- _WORK ITEM_
Copy out exactly every line from the line containing "Asimov's Guide to" until the records below end, inclusive of both boundary lines.

- _RECORDS PROVIDED_

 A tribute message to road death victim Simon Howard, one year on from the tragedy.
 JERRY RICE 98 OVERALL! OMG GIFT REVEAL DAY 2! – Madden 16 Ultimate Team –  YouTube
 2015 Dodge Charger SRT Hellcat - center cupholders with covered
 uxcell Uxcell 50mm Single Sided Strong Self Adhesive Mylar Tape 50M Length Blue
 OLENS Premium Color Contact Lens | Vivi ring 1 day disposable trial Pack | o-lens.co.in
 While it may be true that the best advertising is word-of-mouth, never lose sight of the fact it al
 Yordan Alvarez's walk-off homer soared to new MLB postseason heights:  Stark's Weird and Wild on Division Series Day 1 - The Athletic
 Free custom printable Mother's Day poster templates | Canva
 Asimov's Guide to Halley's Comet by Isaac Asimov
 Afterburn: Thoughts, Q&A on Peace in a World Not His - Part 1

- _WRITTEN RESPONSE_
 Asimov's Guide to Halley's Comet by Isaac Asimov
 Afterburn: Thoughts, Q&A on Peace in a World Not His - Part 1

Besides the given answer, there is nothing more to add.